Laplacian Kernel and Deep Learning for Palmprint Classification

Sirlus Andreanto Jasman Duli, Bradika Almandin Wisesa, Evvin Faristasari, Peprizal Peprizal, Vivin Mahat Putri, Resma Fadila

Sari


Palmprint classification is a robust biometric method for personal identification due to its uniqueness and stability. This study explores the use of deep learning combined with the Laplacian Kernel and Deep Morphological Processing Network (DMPN) for palmprint classification. We trained the proposed system on a dataset of palmprint images collected from 10 participants, each contributing 10 palm images. The results demonstrated that the model achieved an accuracy of 90%, with weighted precision, recall, and F1-score all at 0.9007, indicating a well-balanced classification performance. Additionally, the model achieved a weighted precision of 0.9045, emphasizing its ability to minimize false positives.

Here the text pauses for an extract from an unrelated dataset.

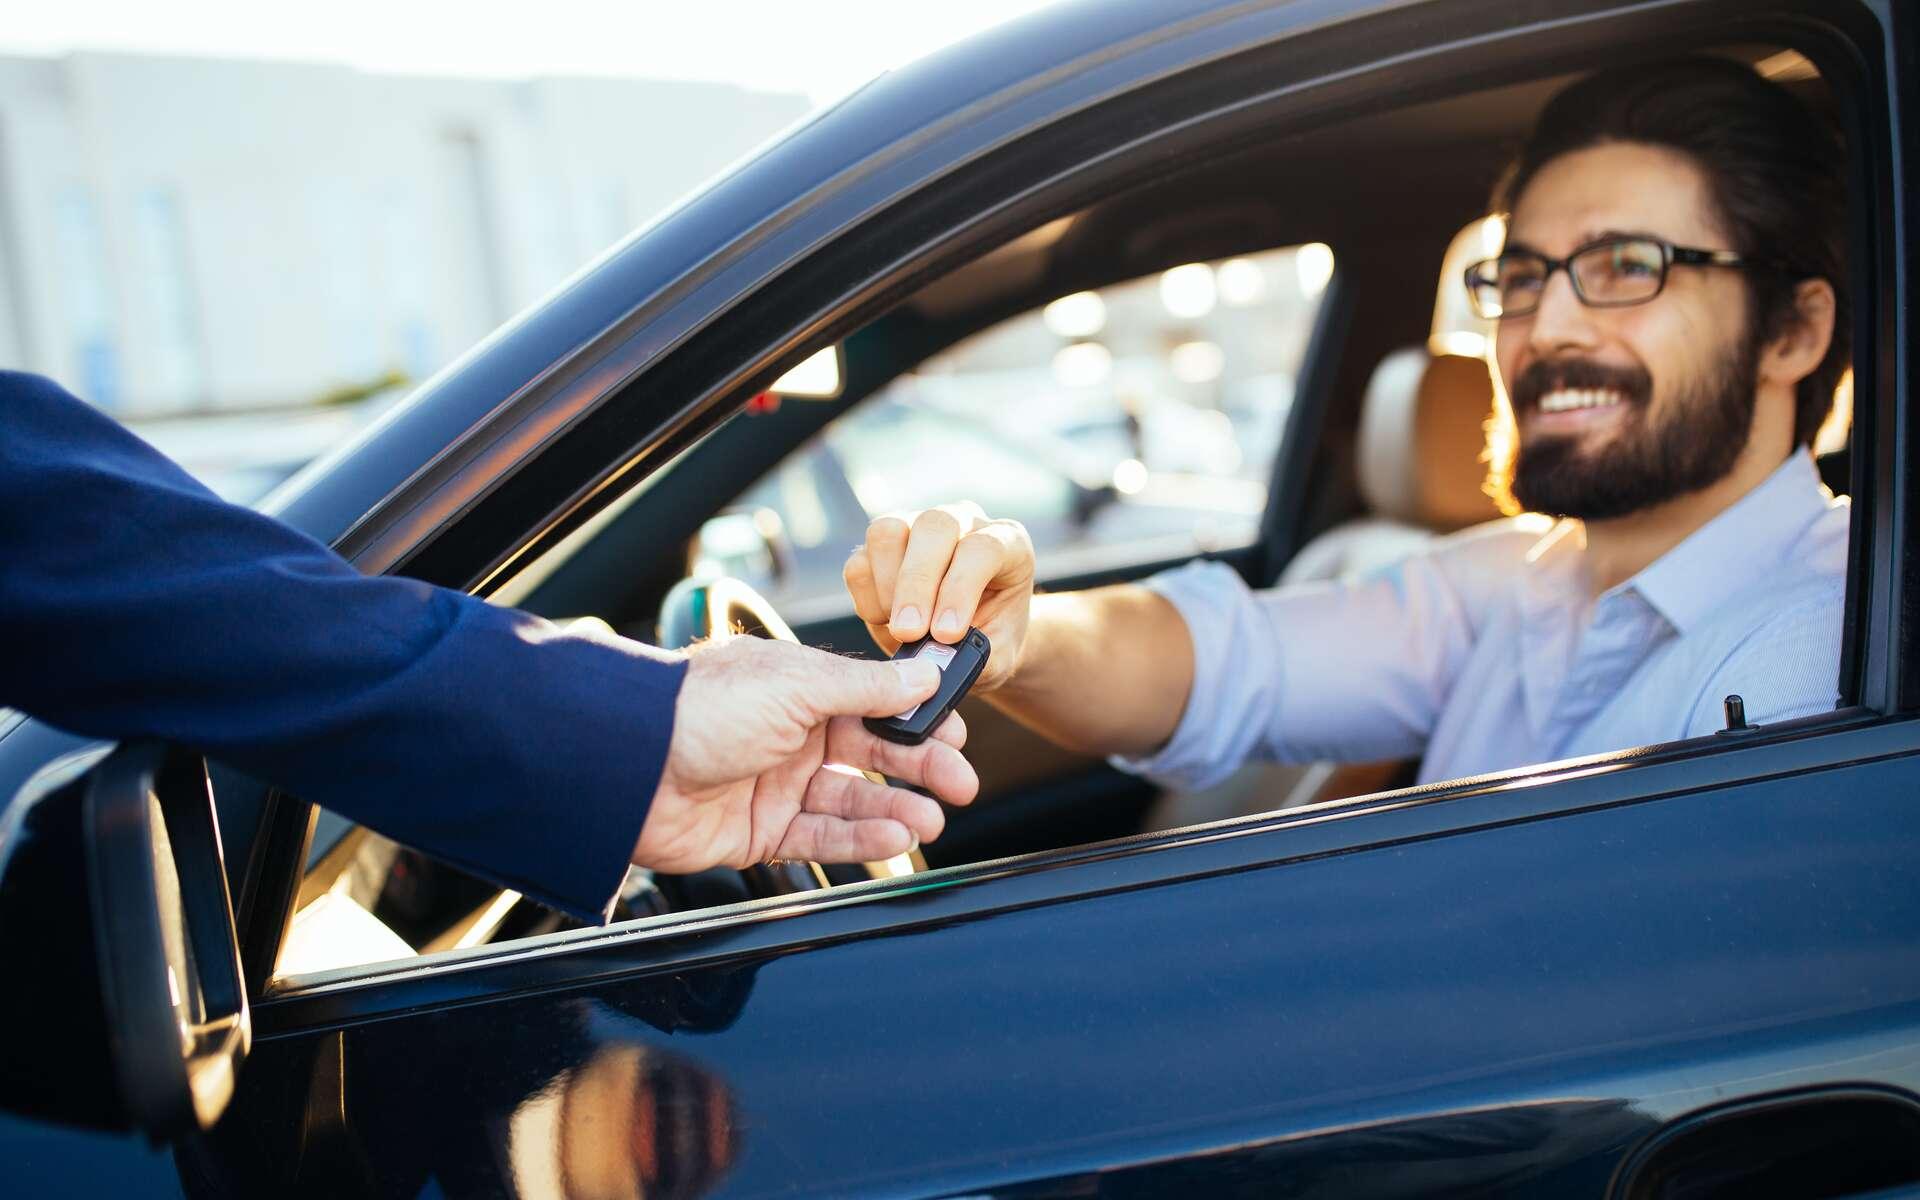 Le marché des voitures d'occasion a le vent en poupe depuis quelques années. © hedgehog94, Adobe Stock

The average Equal Error Rate (EER) of 0.0917 indicates an effective balance between the false acceptance rate (FAR) and false rejection rate (FRR). The system was tested under various conditions, including different orientations, lighting, and backgrounds, demonstrating its robustness in real-world scenarios. This study also compares the results with recent palmprint classification techniques, such as deep learning, GANs, and few-shot learning, and discusses potential improvements, including incorporating multi-spectral data fusion and few-shot learning to enhance performance in real-world applications.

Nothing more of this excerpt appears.